Jeder andere Gefahrstoff, der tatsächlich in der Batterie enthalten ist. Bei Lithium-Ionen-Systemen sind das meist Elektrolytbestandteile, Lösungsmittel, Leitsalze und bestimmte Kathodenverbindungen. Quelle ist kein Katalog, sondern das Sicherheitsdatenblatt und die Zusammensetzungserklärung des Lieferanten.

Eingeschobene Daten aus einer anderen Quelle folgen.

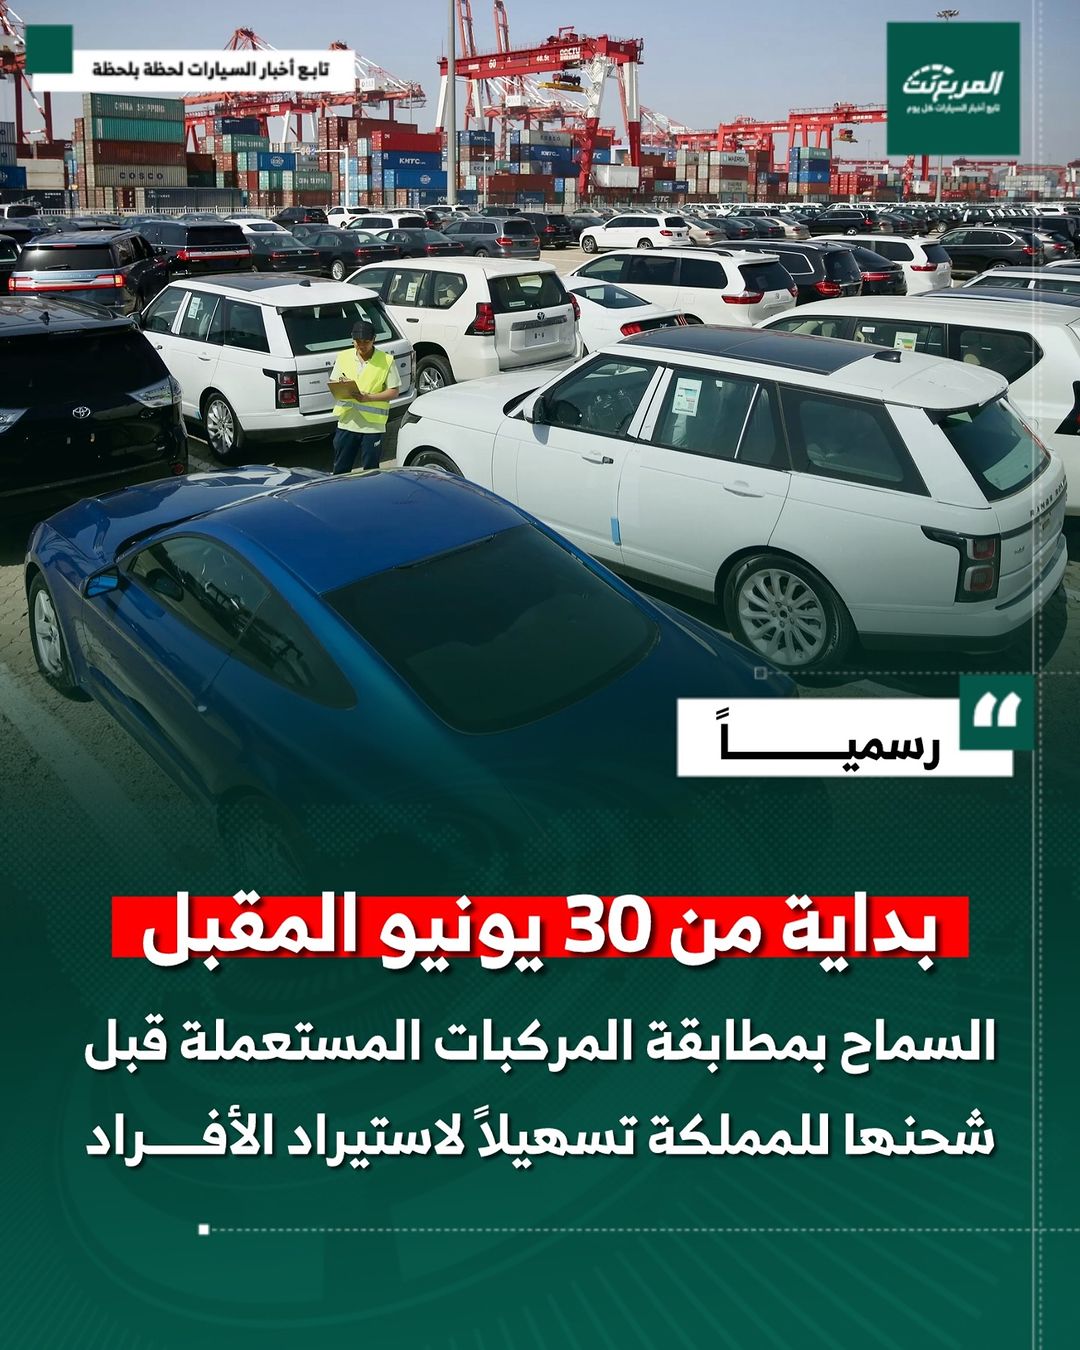 السعودية تسمح بمطابقة المركبات المستعملة قبل شحنها للمملكة لتسهيل إجراءات استيراد المركبات للأفراد 1

Die Überschneidung mit SCIP

Enthält ein Erzeugnis einen Stoff der REACH-Kandidatenliste über 0,1 Gew.-%, besteht eine Meldepflicht zur SCIP-Datenbank, die seit dem 5. Januar 2021 gilt. Die für dieses Passfeld benötigten Daten überschneiden sich stark mit dieser Meldung — wer SCIP bereits bearbeitet hat, hat einen großen Teil erledigt.

Was noch kommt

Artikel 6(5) verpflichtet die Kommission, bis zum 31. Dezember 2027 einen Bericht über besorgniserregende Stoffe in Batterien oder bei deren Herstellung zu erstellen und Folgemaßnahmen einschließlich delegierter Rechtsakte zu prüfen. Die Liste beschränkter Stoffe kann also wachsen.

Wo es scheitert

  • Nennung von Quecksilber, Cadmium und Blei in diesem Feld — die Verordnung schließt sie ausdrücklich aus, weil sie sie andernorts beschränkt.
  • Leeres Feld mit der Begründung, die Batterie enthalte keine Gefahrstoffe — bei Lithium-Ionen-Systemen trifft das fast nie zu.
  • Verwendung eines allgemeinen Chemie-Sicherheitsdatenblatts statt eines für die konkrete Batterie.
  • Getrennte Pflege von SCIP- und Passdaten, obwohl es weitgehend um dieselben Stoffe geht.

Häufige Fragen

Warum schließt das Feld Quecksilber, Cadmium und Blei aus?

Weil Anhang I sie bereits mit Grenzwerten beschränkt. Das Feld in Anhang VI Teil A Nummer 8 lautet ausdrücklich „außer Quecksilber, Cadmium oder Blei“.

Welche Grenzwerte gelten für diese drei?

Quecksilber 0,0005 Gew.-%, Cadmium 0,002 % in Gerätebatterien, Blei 0,01 % in Gerätebatterien ab 18. August 2024, mit Übergangsausnahme für Zink-Luft-Knopfzellen bis 18. August 2028.

Können wir unsere SCIP-Daten nutzen?

Weitgehend ja. SCIP erfasst Kandidatenlistenstoffe über 0,1 Gew.-% und überschneidet sich stark mit diesem Feld, ist damit aber nicht identisch.